Tuesday, 3 December 2019
I rise to speak on small business, the backbone of the Australian economy. Unlike Labor, who govern only for the unions, we govern for all Australians. If you listened to the speeches last week you would have thought the unions were the only part of the Australian economy, but this is not true at all. As a matter of fact, the people who underwrite wages, penalty rates and leave entitlements in this country are, indeed, our small business owners. Not only do they employ more people in this country than any other sector does, their taxes go a long way to paying for Newstart and other allowances.
In the eyes of the Labor Party, these people do not matter. Why? Because they aren't union members. Indeed, in their eyes, they are the forgotten people. As the Treasurer said on budget night this year, people running small businesses put their livelihoods on the line. They start early and finish late. They are the front desk and the back office. They pay their workers first and take their own wages last. Nine out of every 10 jobs are in the private sector, with small- and medium-sized enterprises employing more than seven million Australians. Small- and medium-sized business are responsible for more than three-quarters of the output in agriculture and more than half the output in construction. Those Australians who are bold enough to start a small business don't get the luxury of penalty rates, long service leave, superannuation or even public holidays, on many occasions. Many work seven days a week and many have mortgaged their house against their business.
It was heartening to read last week a piece from the Treasurer highlighting that the Liberal-National government is establishing Australia's first Business Growth Fund. It will be modelled on similar initiatives in the UK and Canada. The fund will have $540 million at its disposal to invest in small- and medium-sized businesses and will fill a gap in the market. With a $100 million commitment from the Morrison government and $440 million from the four big banks, the importance of small business to our economy cannot be underestimated, and we know that. The Liberal Party, after all, is the party of small business. But many in this place put the cart before the horse. Those opposite call for the government to intervene to drive wage growth, but you will find that wages will only grow when small business starts to grow. The horse is the small business; without the horse, the cart goes nowhere.
Red tape is a significant constraint on Australian small to medium enterprises, and the Liberal-National government has cut nearly $6 billion of red tape since 2013. Let us include in this the confusing labyrinth of industrial relations law that can deter mum and dad businesses from recruiting. I remember in July last year Maurice Blackburn Lawyers, a law firm well known to Labor, fell foul of wage underpayment. To quote from the Sydney Morning Herald article published on 20 July 2018:
The latest casualty in the war on wage underpayment is an unlikely candidate. In an exquisite irony a law firm that holds itself up as the champion of workers’ rights, and is vocal in its criticism of underpayments at other companies, has underpaid hundreds of former and current part time workers, including university students, almost $1 million.

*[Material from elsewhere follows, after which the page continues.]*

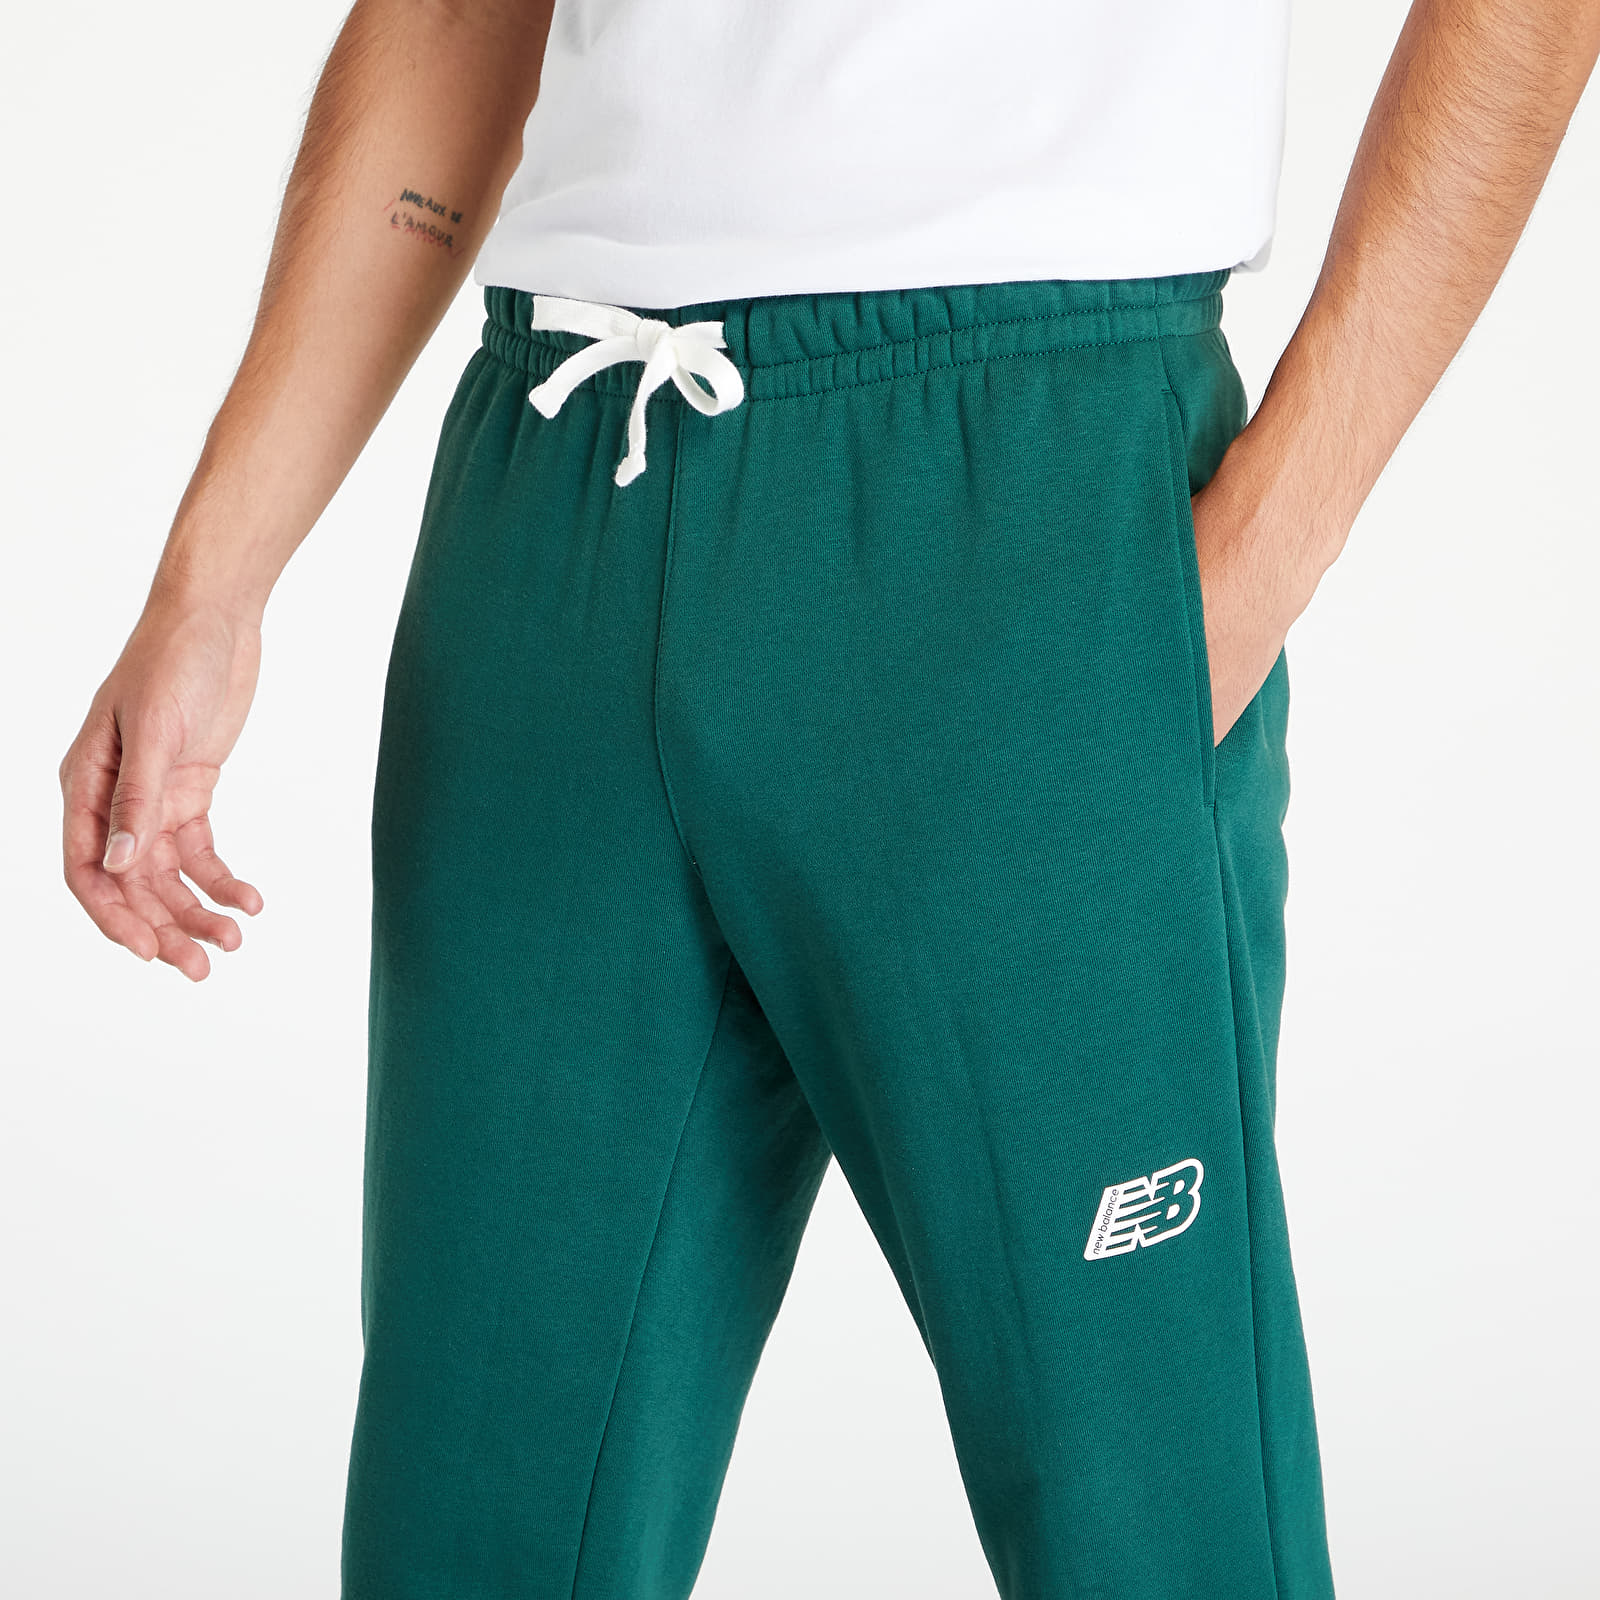 Fleece Footshop Green New Pants Jogger Magnify and | Essentials Nightwatch jeans Balance

Four hundred Maurice Blackburn staff were affected. If a major law firm can't get it right, let alone one whose bread and butter is employment law, what hope does small business have? We even had the national broadcaster in January admit that it had underpaid casual staff, and it launched a review of casual workers employed between November 2012 and December 2018. The affected employees were paid a flat rate instead of penalty rates and overtime based on hours worked, leaving many worse off.
The Liberal-National government will continue to focus on implementing its agenda to keep our economy strong and to deliver 1.25 million new jobs over the next five years. This government will ensure that all hardworking Australians pay lower taxes to ease cost-of-living pressures. If Labor wants to see wage growth and better working conditions, then they should support measures designed to make it easier for small business to grow, because when small business is strong wages will be strong and Australia will be strong.